Integrate The Following With Respect To X:

 

Question 1. \( (x + 4)^5 - \text{cosec}^2 (3x - 1) \)
Answer: We need to integrate the expression `\( (x + 4)^5 + \frac{5}{(2 - 5x)^4} - \text{cosec}^2 (3x - 1) \)` with respect to \(x\). This involves applying basic integration rules for power functions, exponential functions, and trigonometric functions. We remember to add the constant of integration, \(c\), at the end.
\[ \int \left[ (x + 4)^5 + \frac{5}{(2 - 5x)^4} - \text{cosec}^2 (3x - 1) \right] dx \] \[ = \int (x + 4)^5 dx + \int 5 (2 - 5x)^{-4} dx - \int \text{cosec}^2 (3x - 1) dx \] Now, we apply the integration rules for each term:
\( \int x^n dx = \frac{x^{n+1}}{n+1} + c \)
\( \int (ax + b)^n dx = \frac{(ax + b)^{n+1}}{a(n+1)} + c \)
\( \int \text{cosec}^2 (ax + b) dx = -\frac{1}{a} \cot(ax + b) + c \) So, integrating term by term:
For the first term: \( \int (x + 4)^5 dx = \frac{(x + 4)^{5+1}}{5+1} = \frac{(x + 4)^6}{6} \)
For the second term: \( \int 5 (2 - 5x)^{-4} dx \)
\( = 5 \left[ \frac{(2 - 5x)^{-4+1}}{-5(-4+1)} \right] \)
\( = 5 \left[ \frac{(2 - 5x)^{-3}}{-5(-3)} \right] = 5 \left[ \frac{(2 - 5x)^{-3}}{15} \right] = \frac{(2 - 5x)^{-3}}{3} = \frac{1}{3(2 - 5x)^3} \)
For the third term: \( - \int \text{cosec}^2 (3x - 1) dx \)
\( = - \left[ -\frac{1}{3} \cot(3x - 1) \right] = \frac{1}{3} \cot(3x - 1) \) Combining these results, the final integral is:
\[ = \frac{(x + 4)^6}{6} + \frac{1}{3(2 - 5x)^3} + \frac{1}{3} \cot(3x - 1) + c \]In simple words: We separated the given expression into three parts and integrated each part using standard calculus rules. For power terms, we added one to the exponent and divided by the new exponent. For `cosec` squared, we used its direct integral formula. Finally, we combined all parts and added a constant \(c\).

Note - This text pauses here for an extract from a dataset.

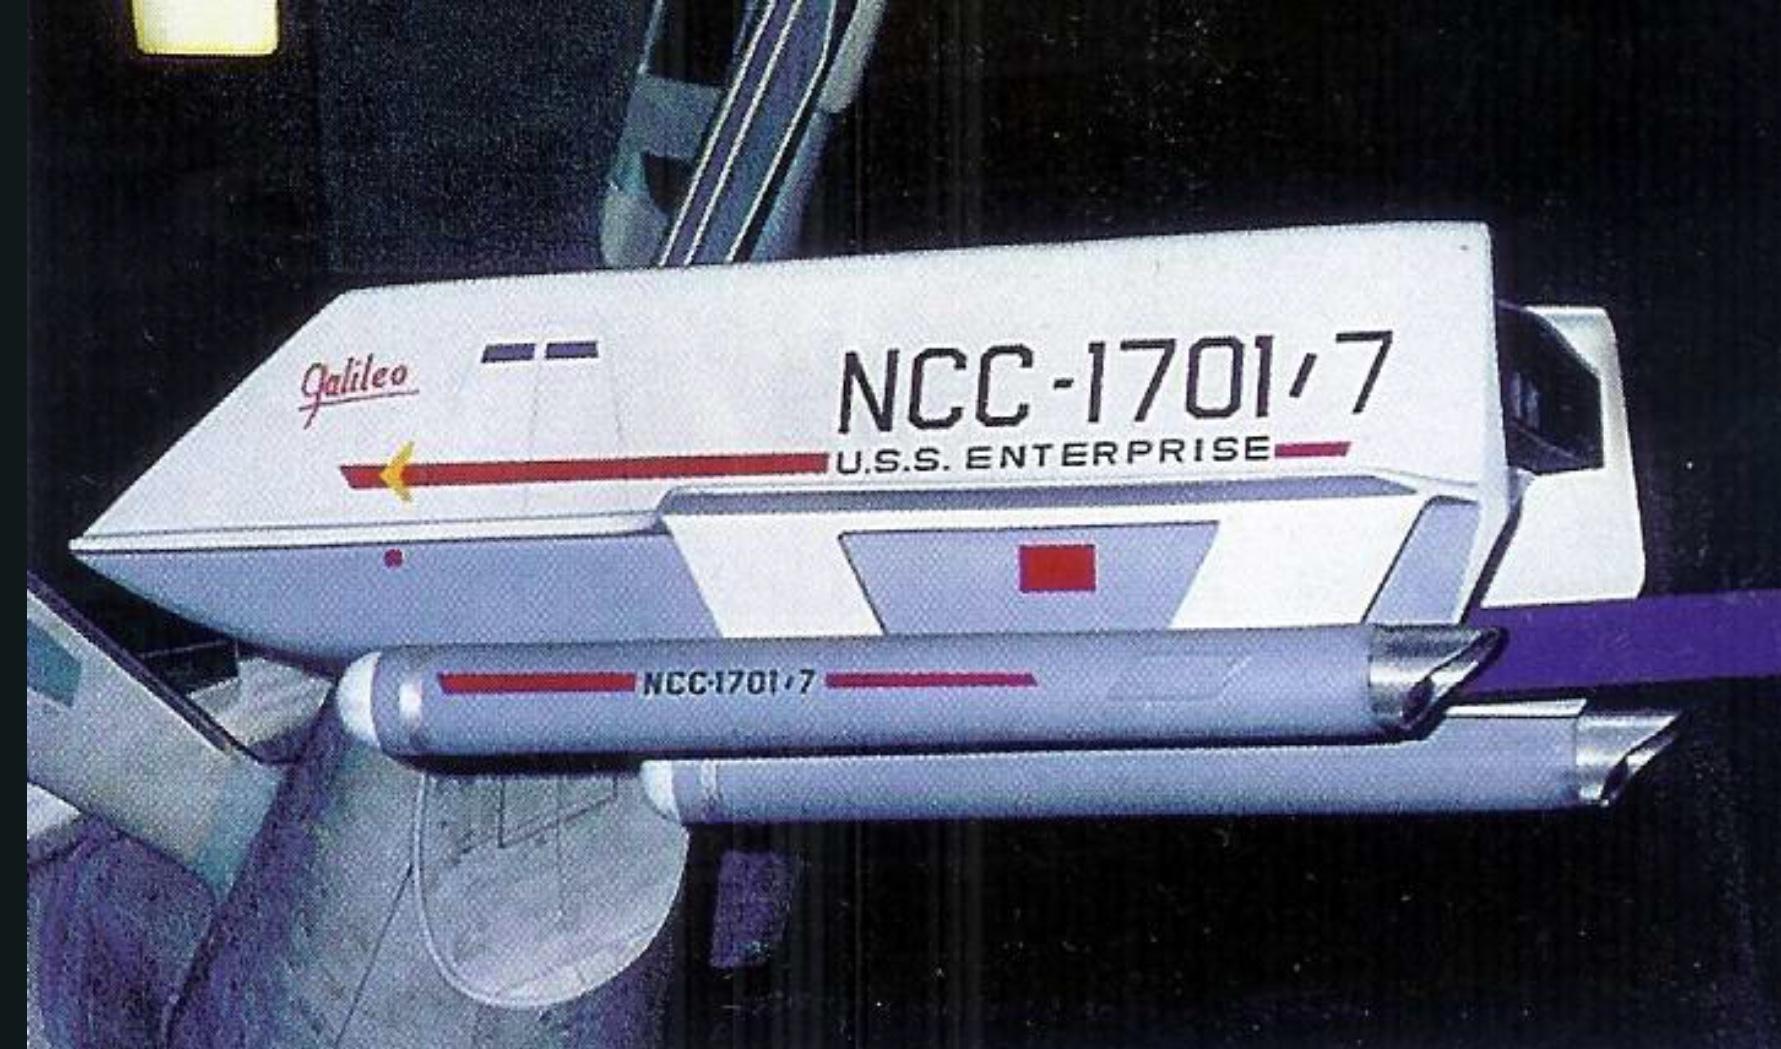 ED47338A-871D-4B45-A620-C6D81D2B971A.jpeg

🎯 Exam Tip: Remember to apply the chain rule in reverse (dividing by the derivative of the inner function) when integrating functions of the form \(f(ax+b)\). Do not forget the constant of integration, \(c\).

 

Question 2. \( 4 \cos (5 - 2x) + 9 e^{3x-6} + \frac{24}{6-4x} \)
Answer: To find the integral of this expression, we will integrate each term separately. The given expression is a sum of trigonometric, exponential, and rational functions. When integrating, always remember to include the constant of integration, \(c\).
\[ \int \left[ 4 \cos (5 - 2x) + 9 e^{3x-6} + \frac{24}{6-4x} \right] dx \] \[ = \int 4 \cos (5 - 2x) dx + \int 9 e^{3x-6} dx + \int \frac{24}{6-4x} dx \] Using the standard integration formulas:
\( \int \cos(ax + b) dx = \frac{1}{a} \sin(ax + b) + c \)
\( \int e^{ax + b} dx = \frac{1}{a} e^{ax + b} + c \)
\( \int \frac{1}{ax + b} dx = \frac{1}{a} \log |ax + b| + c \) Applying these rules to each term:
For the first term: \( \int 4 \cos (5 - 2x) dx \)
\( = 4 \left( \frac{1}{-2} \sin (5 - 2x) \right) = -2 \sin (5 - 2x) \)
For the second term: \( \int 9 e^{3x-6} dx \)
\( = 9 \left( \frac{1}{3} e^{3x-6} \right) = 3 e^{3x-6} \)
For the third term: \( \int \frac{24}{6-4x} dx \)
\( = 24 \left( \frac{1}{-4} \log |6 - 4x| \right) = -6 \log |6 - 4x| \) Combining all parts, the definite integral is:
\[ = -2 \sin (5 - 2x) + 3 e^{3x-6} - 6 \log |6 - 4x| + c \]In simple words: We broke the problem into three simple parts, then used basic rules for integrating cosine, exponential, and 1/x type functions. Each time, we made sure to divide by the number multiplied by \(x\). Finally, we put all the answers together with a `+c`.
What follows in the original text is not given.